Incentive compensation for each of the fiscal years ending July 31, 2000 and
July 31, 2001 shall be as determined by the Compensation Committee of the
Company's Board of Directors and ratified by a majority of the entire Board of
Directors (other than Mr. Rubin).
36
<PAGE>
Following the amendment of Mr. Rubin's employment agreement with the
Company, which is now in effect as the Restated Agreement, Western entered into
a separate employment agreement with Mr. Rubin, effective June 14, 1995 and
which expired on July 31, 1998. Pursuant to such agreement, Mr. Rubin served as
Chairman of the Board of Western and received an annual base salary of $150,000,
payable at the rate of $12,500 per month from the effective date of such
agreement. In addition to his base annual salary, Mr. Rubin shall be entitled to
receive an annual bonus equal to $50,000 per annum, payable only in the event
that the "consolidated pre-tax income" of Western (as defined below) shall be in
excess of $3,000,000 for the fiscal year ending July 31, 1996, $3,500,000 for
the fiscal year ending July 31, 1997, and $4,000,000 for the fiscal year ending
July 31, 1998, respectively. Under the terms of his employment agreement with
Western, Mr. Rubin is only obligated to devote a portion of his business and
professional time to Western (estimated at approximately 20%). The term
"consolidated pre-tax income" is defined as consolidated net income of the
Company and any subsidiaries of Western subsequently created or acquired, before
income taxes and gains or losses from disposition or purchases of assets or
other extraordinary items.
John Shahid
John Shahid is the former president, Chief Executive Officer and director
of the Company. Upon the closing of the Hutchinson Transaction on January 19,
1996, the Company entered into a termination agreement with Mr. Shahid whereby
he resigned as an officer and director of the Company and its subsidiaries and
received severance payments totaling $815,833. These payments represented salary
payments under his employment agreement through December 31, 1998, as well as a
bonus payment for Fiscal1996 in the amount of $90,000. This agreement also
provided that the Company retained Mr. Shahid as a consultant for two years
ending April 1, 1998, for which he was paid an aggregate of $200,000 in equal
quarterly installments.
C. Dean McLain
C. Dean McLain serves as the President and Chief Executive Officer of
Western pursuant to a ten-year employment agreement expiring July 31, 2005. This
employment agreement superseded Mr.

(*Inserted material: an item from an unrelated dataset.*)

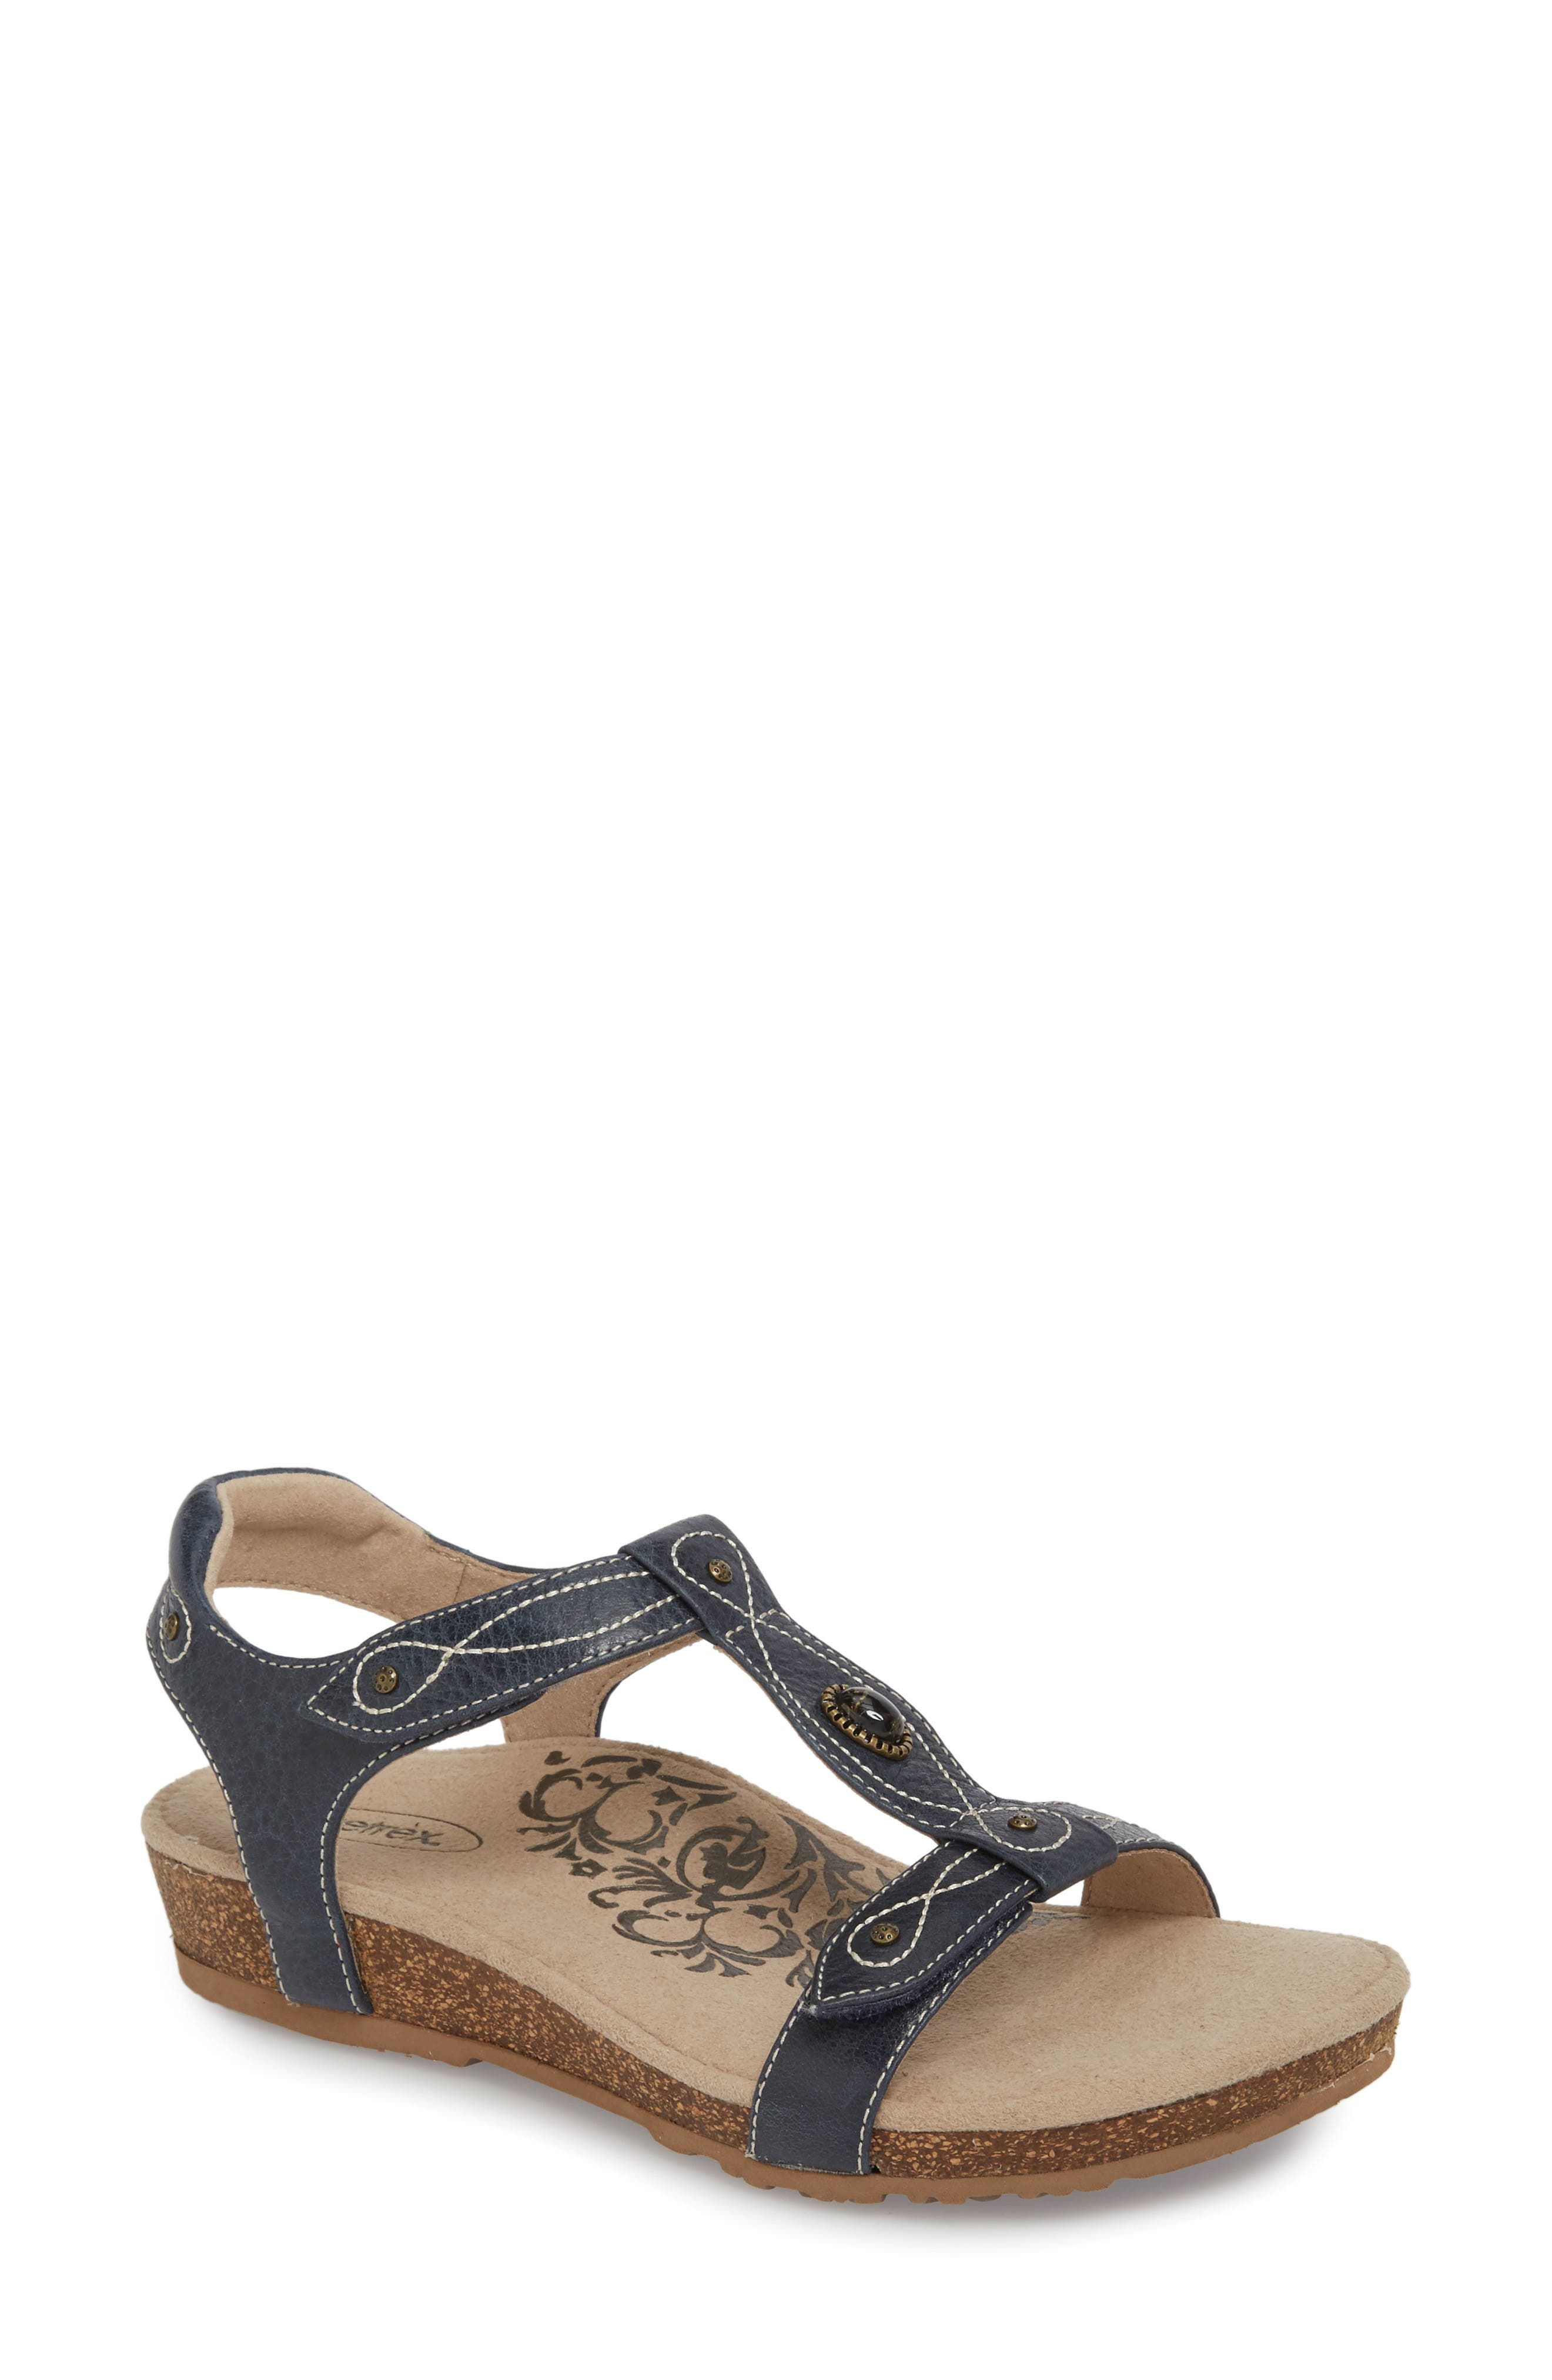 'Lori' Sandal,                         Main,                         color, Navy Leather

McLain's earlier employment agreement with
the Company, which is further described below and which was terminated upon the
execution of his employment agreement with Western. Pursuant to such agreement,
Mr. McLain received an annual base salary, payable monthly, of $250,000 through
the end of Fiscal 1996, $265,000 per annum in Fiscal 1997, $280,000 per annum in
Fiscal 1998 and $290,000 per annum in Fiscal 1999 and will receive $300,000 per
annum in Fiscal 2000. For each of the fiscal years ending 2001, 2002, 2003, 2004
and 2005, Mr. McLain's base salary shall be determined by the Compensation
Committee of Western and ratified by the full Board of Directors of Western. In
each of the five fiscal years from 2001 through 2005, such base salary shall not
be less than the annual base salary in effect in the immediately preceding
fiscal year plus a cost of living adjustment. In addition, Mr. McLain has been
entitled to receive bonus payments in each of the fiscal years from Fiscal 1996
through and including Fiscal 2000, inclusive, equal to five percent (5%) of such
fiscal year consolidated pre-tax income of Western in excess of $1,750,000 in
each such fiscal year (the "Incentive Bonus"); provided, that the maximum amount
of the Incentive Bonus payable by Western to Mr. McLain shall not exceed
$150,000 in any such fiscal year, without regard to the amount by which
Western's consolidated pre-tax income shall exceed $1,750,000 in each of such
fiscal years. For each of the fiscal years ending 2001 through 2005, Mr.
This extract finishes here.